A 2-turns copper indutor is used to heat the cylindrical steel part.

Problem Type:
Axisymmetric problem of the magneto-thermal coupling.


solenoid model

Inductor current I = 1000 A;
Inductor frequency f = 22 kHz;
Relative permeability of air and copper μ = 1;
Relative permeability of steel μ = 400;
Electric conductivity of steel σ = 5000000 S/m;
Thermal conductivity of steel λ = 20 W/K*m;
Volume mass density of steel ρ = 7800 kg/m3;
Specific heat of steel C = 200 J/K*kg;

Calculate the temperature distribution in the steel part after 10 seconds of heating.

Penetration depth in the steel part is less than 0.1 mm at this frequency.
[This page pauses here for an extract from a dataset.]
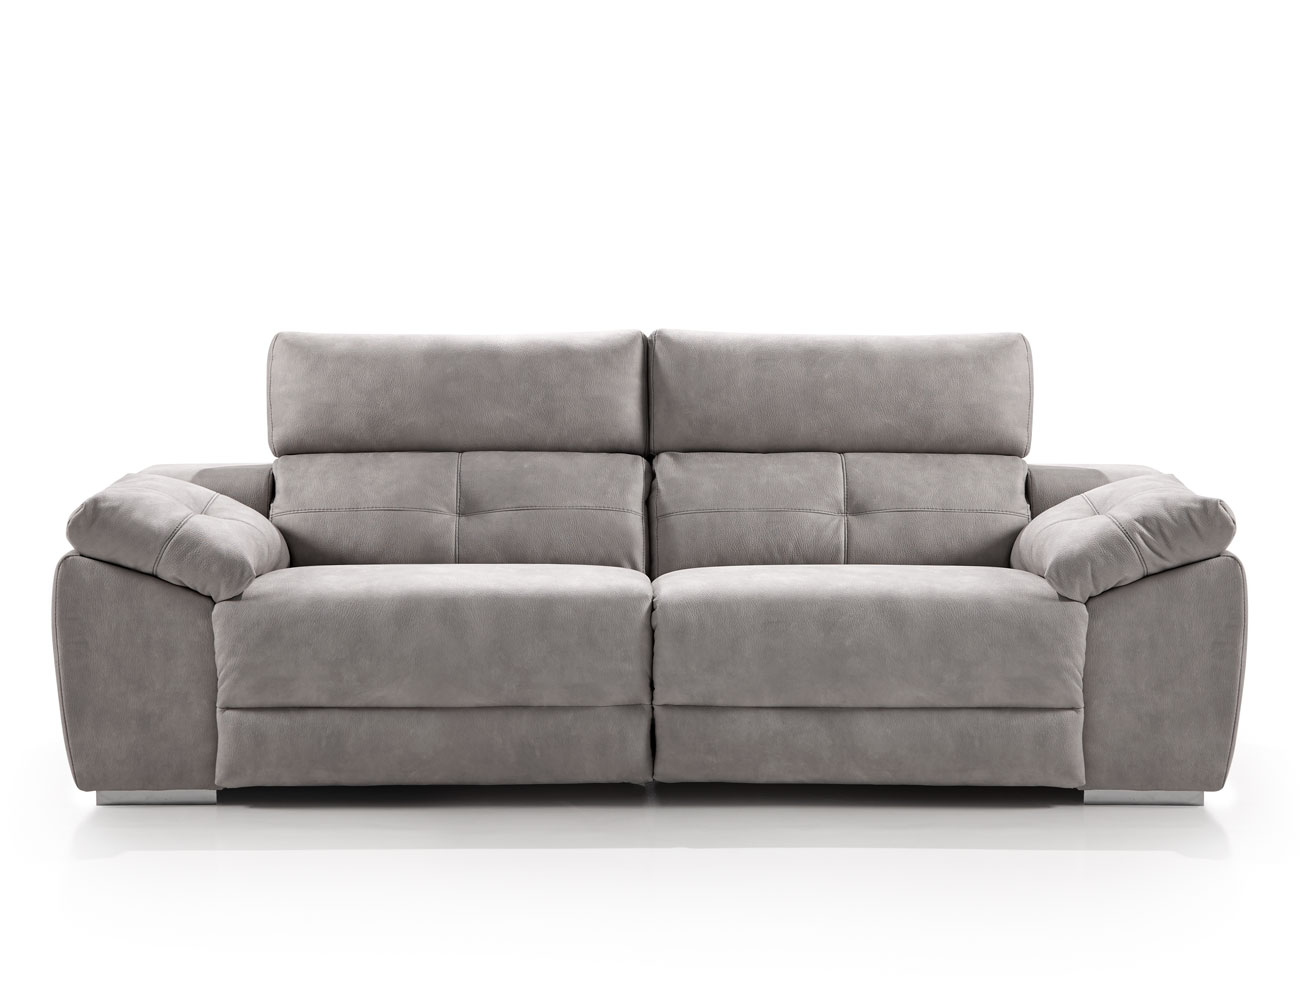 Sofa 3 plazas acomodel relax motor

To get accurate results it is required to build very dense mesh on the surface of the steel part.

Current density distribution in the steel part
Induction heating simulation: Current density distribution

Temperature distribution in the steel part
Induction heating simulation: Temperature distribution

See the Inductor_magn.pbm and inductor_heat.pbm problems for the magnetic and thermal analysis respectively.

View movie Video:
1.Magnetic problem setup.
2.Coupled thermal problem setup.
See more videos in QuickField Analysis for Induction heating webinar.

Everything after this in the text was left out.